= Shrine Mont =

Episcopal Diocese of Virginia conference center

Shrine Mont is a retreat and conference center owned by the Episcopal Diocese of Virginia in the town of Orkney Springs, Virginia, United States which is located at the foot of Great North Mountain in the Shenandoah Valley and at the edge of the George Washington National Forest. It includes about 1,100 acres of forest.

The church at Shrine Mont is the Cathedral Shrine of the Transfiguration, an open-air sanctuary consecrated in 1925. Each of its stones was pulled by horse or rolled by local people from the mountain that embraces it. The baptismal font was originally a dugout stone used by Native Americans to grind corn.

It also includes The Virginia House (formerly known as the Orkney Springs Hotel) which is listed in the National Register of Historic Places and was purchased by Shrine Mont in 1979. With its white clapboard structure and tall, green-shuttered windows, The Virginia House is four stories high. The 96,000 square-foot structure was built in 1873 and restored in 1987.

==History==

Entrance sign at Shrine Mont

A short distance from Shrine Mont are seven springs where discovered relics indicate a Native American settlement was once located. The spring waters were said to have healing powers and visitors started to come to the area in the mid-1800s. Several hotels were built including the Orkney Springs Hotel which was started in the 1850s. In the late 1800s, Episcopal church services were held in the hotel, often by the Sixth Bishop of Virginia, Robert Atkinson Gibson.
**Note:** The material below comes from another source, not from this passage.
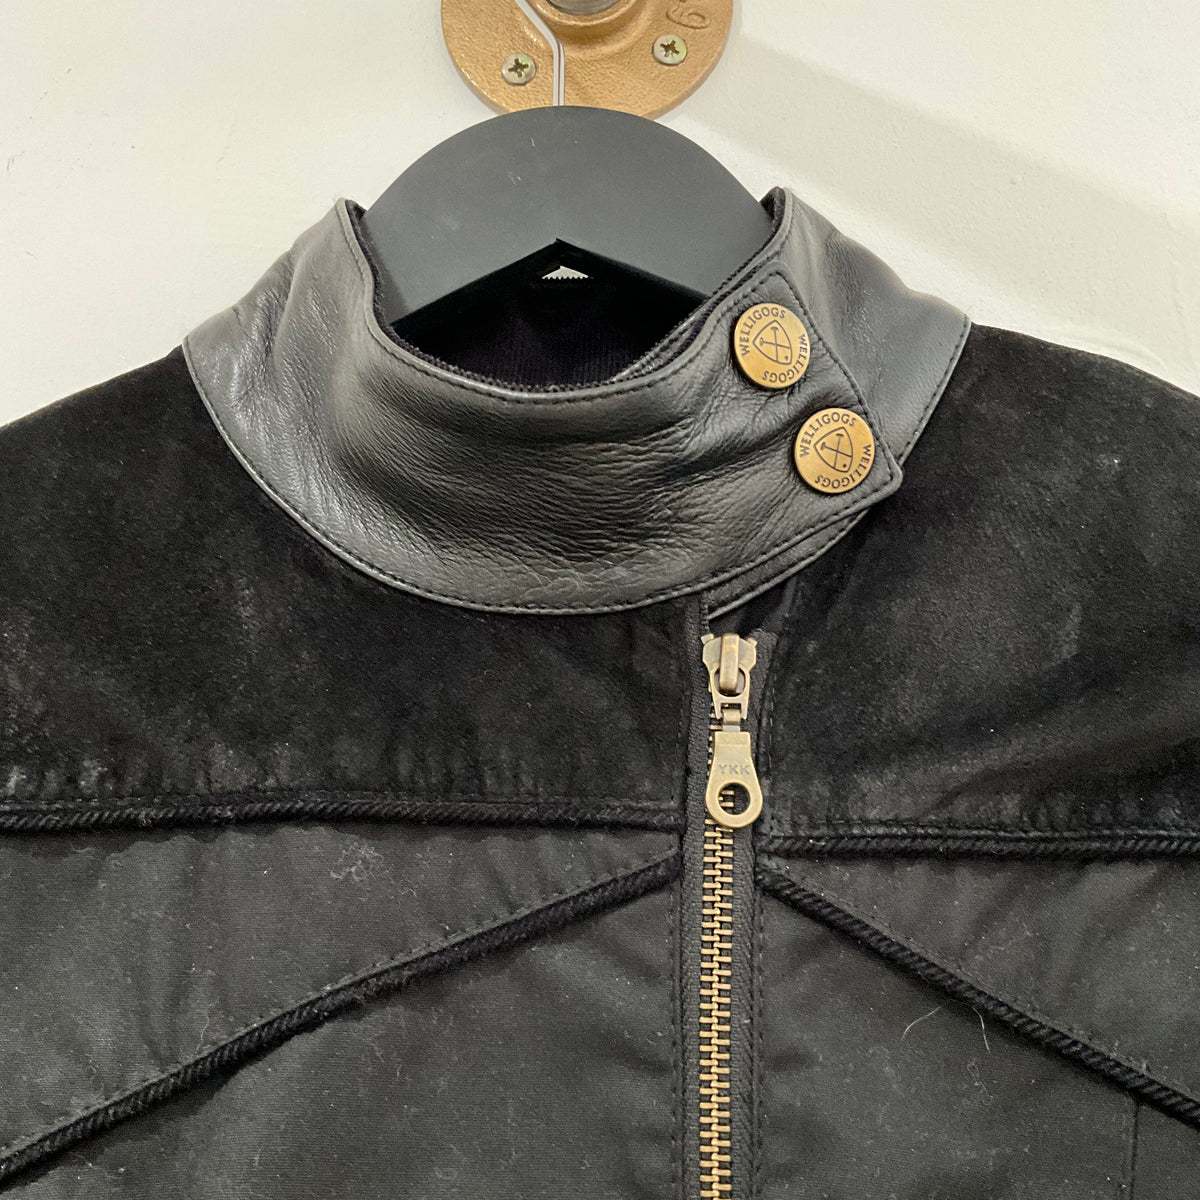 Wellygogs 'Roxy' jacket Black Size 8

In 1902, the Bishop purchased a cottage called Tanglewood for his summer residence and soon decided to establish year-round worship at Orkney Springs. Bishop Gibson died in 1919 and shortly after his death, the Shrine of the Transfiguration was built on part of what had been his land and next to it, the Shelter Chapel. Eventually Tanglewood, with all its buildings, became the heart of Shrine Mont.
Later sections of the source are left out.